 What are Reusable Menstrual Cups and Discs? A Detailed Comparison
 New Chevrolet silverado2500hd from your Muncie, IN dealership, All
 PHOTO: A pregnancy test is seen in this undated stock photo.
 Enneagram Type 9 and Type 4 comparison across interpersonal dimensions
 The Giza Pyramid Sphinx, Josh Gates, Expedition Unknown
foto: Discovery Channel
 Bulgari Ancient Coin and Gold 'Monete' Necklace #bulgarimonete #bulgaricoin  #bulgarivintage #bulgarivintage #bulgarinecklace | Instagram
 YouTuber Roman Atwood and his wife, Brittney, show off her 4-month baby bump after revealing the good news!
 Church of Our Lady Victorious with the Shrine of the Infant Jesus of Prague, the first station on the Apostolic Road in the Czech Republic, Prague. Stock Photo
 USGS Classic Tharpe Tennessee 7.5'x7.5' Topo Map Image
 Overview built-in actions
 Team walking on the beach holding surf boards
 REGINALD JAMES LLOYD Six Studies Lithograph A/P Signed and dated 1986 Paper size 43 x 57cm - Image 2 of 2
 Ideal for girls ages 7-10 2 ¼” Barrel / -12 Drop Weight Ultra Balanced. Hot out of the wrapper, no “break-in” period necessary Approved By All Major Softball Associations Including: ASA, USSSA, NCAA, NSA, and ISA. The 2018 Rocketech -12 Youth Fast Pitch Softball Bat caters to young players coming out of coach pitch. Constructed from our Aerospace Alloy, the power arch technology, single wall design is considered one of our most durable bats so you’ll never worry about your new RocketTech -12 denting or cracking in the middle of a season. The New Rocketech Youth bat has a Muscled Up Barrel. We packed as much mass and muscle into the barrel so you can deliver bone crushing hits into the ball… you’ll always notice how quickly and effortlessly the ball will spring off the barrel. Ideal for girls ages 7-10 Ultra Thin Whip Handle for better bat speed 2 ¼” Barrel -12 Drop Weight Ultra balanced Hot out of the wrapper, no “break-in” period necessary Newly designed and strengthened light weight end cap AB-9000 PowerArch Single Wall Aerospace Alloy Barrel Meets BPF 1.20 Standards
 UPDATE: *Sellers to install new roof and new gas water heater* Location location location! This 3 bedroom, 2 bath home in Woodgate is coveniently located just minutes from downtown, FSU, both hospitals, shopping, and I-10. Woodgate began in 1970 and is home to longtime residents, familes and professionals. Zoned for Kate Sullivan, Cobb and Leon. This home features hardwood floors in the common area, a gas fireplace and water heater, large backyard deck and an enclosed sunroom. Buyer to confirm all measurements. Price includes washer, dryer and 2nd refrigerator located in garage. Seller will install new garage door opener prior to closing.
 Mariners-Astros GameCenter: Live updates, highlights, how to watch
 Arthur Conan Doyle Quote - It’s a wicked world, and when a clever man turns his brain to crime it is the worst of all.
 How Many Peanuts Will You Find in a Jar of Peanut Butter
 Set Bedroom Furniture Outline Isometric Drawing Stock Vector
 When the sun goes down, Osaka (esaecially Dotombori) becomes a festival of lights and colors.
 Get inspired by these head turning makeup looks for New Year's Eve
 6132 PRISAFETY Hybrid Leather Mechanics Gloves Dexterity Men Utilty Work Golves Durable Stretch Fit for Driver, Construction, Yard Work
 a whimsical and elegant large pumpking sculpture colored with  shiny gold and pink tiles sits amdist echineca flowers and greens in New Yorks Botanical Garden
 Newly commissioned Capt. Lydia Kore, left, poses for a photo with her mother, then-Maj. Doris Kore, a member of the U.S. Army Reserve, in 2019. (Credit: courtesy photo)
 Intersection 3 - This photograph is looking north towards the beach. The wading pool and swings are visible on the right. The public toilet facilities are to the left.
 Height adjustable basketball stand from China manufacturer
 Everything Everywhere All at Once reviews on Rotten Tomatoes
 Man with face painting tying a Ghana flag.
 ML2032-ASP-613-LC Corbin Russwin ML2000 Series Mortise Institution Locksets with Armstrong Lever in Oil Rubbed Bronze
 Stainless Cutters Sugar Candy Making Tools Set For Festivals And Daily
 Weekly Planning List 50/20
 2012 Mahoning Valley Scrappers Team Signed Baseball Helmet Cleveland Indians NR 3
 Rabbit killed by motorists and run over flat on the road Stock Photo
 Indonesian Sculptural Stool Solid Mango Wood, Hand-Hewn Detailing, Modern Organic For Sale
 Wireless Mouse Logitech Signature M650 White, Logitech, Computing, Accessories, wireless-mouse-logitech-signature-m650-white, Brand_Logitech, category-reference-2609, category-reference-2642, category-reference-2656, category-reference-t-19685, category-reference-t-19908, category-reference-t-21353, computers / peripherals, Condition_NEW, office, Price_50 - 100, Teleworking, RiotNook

• Exercise
Exactly and only the lines from the one containing "Indonesian Sculptural Stool" to the end of the entries above are to be written out.

• Answer section
 Indonesian Sculptural Stool Solid Mango Wood, Hand-Hewn Detailing, Modern Organic For Sale
 Wireless Mouse Logitech Signature M650 White, Logitech, Computing, Accessories, wireless-mouse-logitech-signature-m650-white, Brand_Logitech, category-reference-2609, category-reference-2642, category-reference-2656, category-reference-t-19685, category-reference-t-19908, category-reference-t-21353, computers / peripherals, Condition_NEW, office, Price_50 - 100, Teleworking, RiotNook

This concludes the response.